Mean-Field Sampling for Cooperative Multi-Agent Reinforcement Learning

Anand, Emile, Karmarkar, Ishani, Qu, Guannan

arXiv.org Artificial Intelligence 

Reinforcement Learning (RL) has become a popular learning framework to solve sequential decision making problems in unknown environments, and has achieved tremendous success in a wide array of domains such as playing the game of Go (Silver et al., 2016), robotic control (Kober et al., 2013), and autonomous driving (Kiran et al., 2022; Lin et al., 2023).

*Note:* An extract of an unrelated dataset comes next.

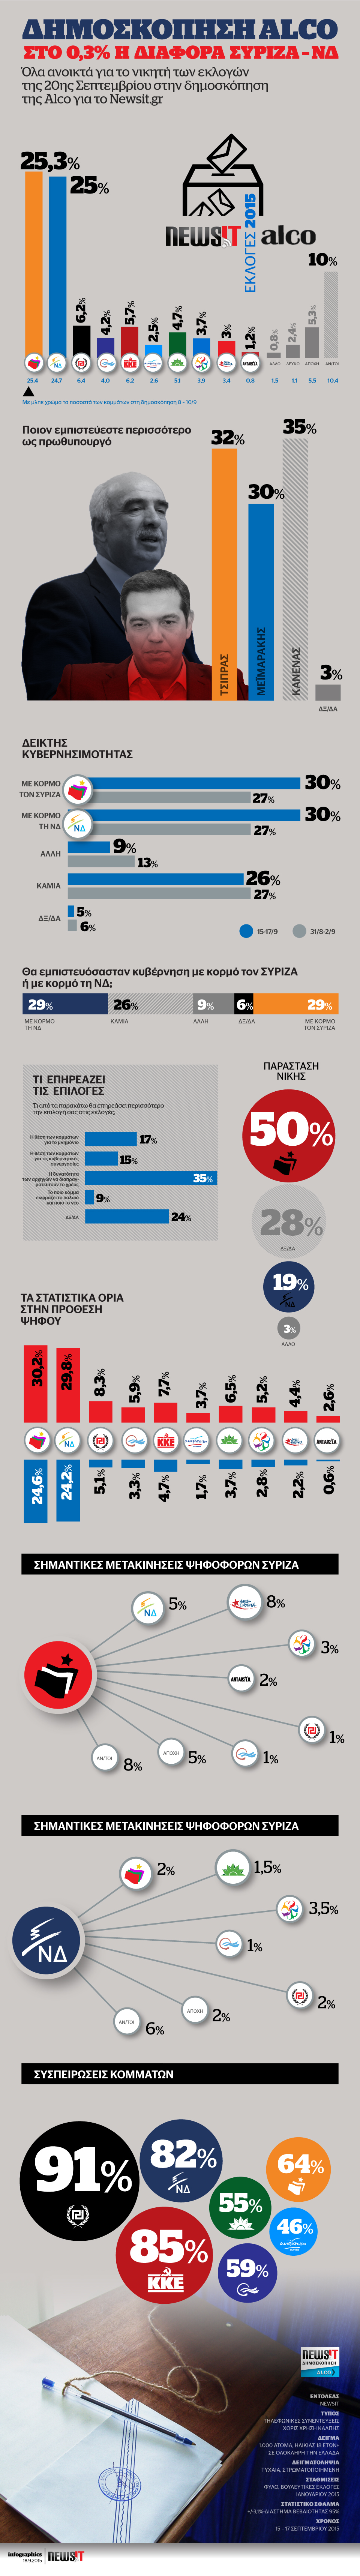 Κάντε κλικ πάνω στο infographic για να δείτε και να κατεβάσετε τη δημοσκόπηση της Alco για το newsit.gr

A critical feature of most real-world systems is their uncertain nature, and consequently RL has emerged as a powerful tool for learning optimal policies for multi-agent systems to operate in unknown environments (Kim & Giannakis, 2017; Zhang et al., 2021; Lin et al., 2024; Anand & Qu, 2024). While the early literature on RL predominantly focused on the single-agent setting, multi-agent reinforcement learning (MARL) has also recently achieved impressive successes in a broad range of areas, such as coordination of robotic swarms (Preiss et al., 2017), self-driving vehicles (DeWeese & Qu, 2024), real-time bidding (Jin et al., 2018), ride-sharing (Li et al., 2019), and stochastic games (Jin et al., 2020). Despite growing interest in multi-agent RL (MARL), extending RL to multi-agent settings poses significant computational challenges due to the curse of dimensionality (Sayin et al., 2021). Even if the individual agents' state or action spaces are small, the global state space or action space can take values from a set with size that is exponentially large as a function of the number of agents.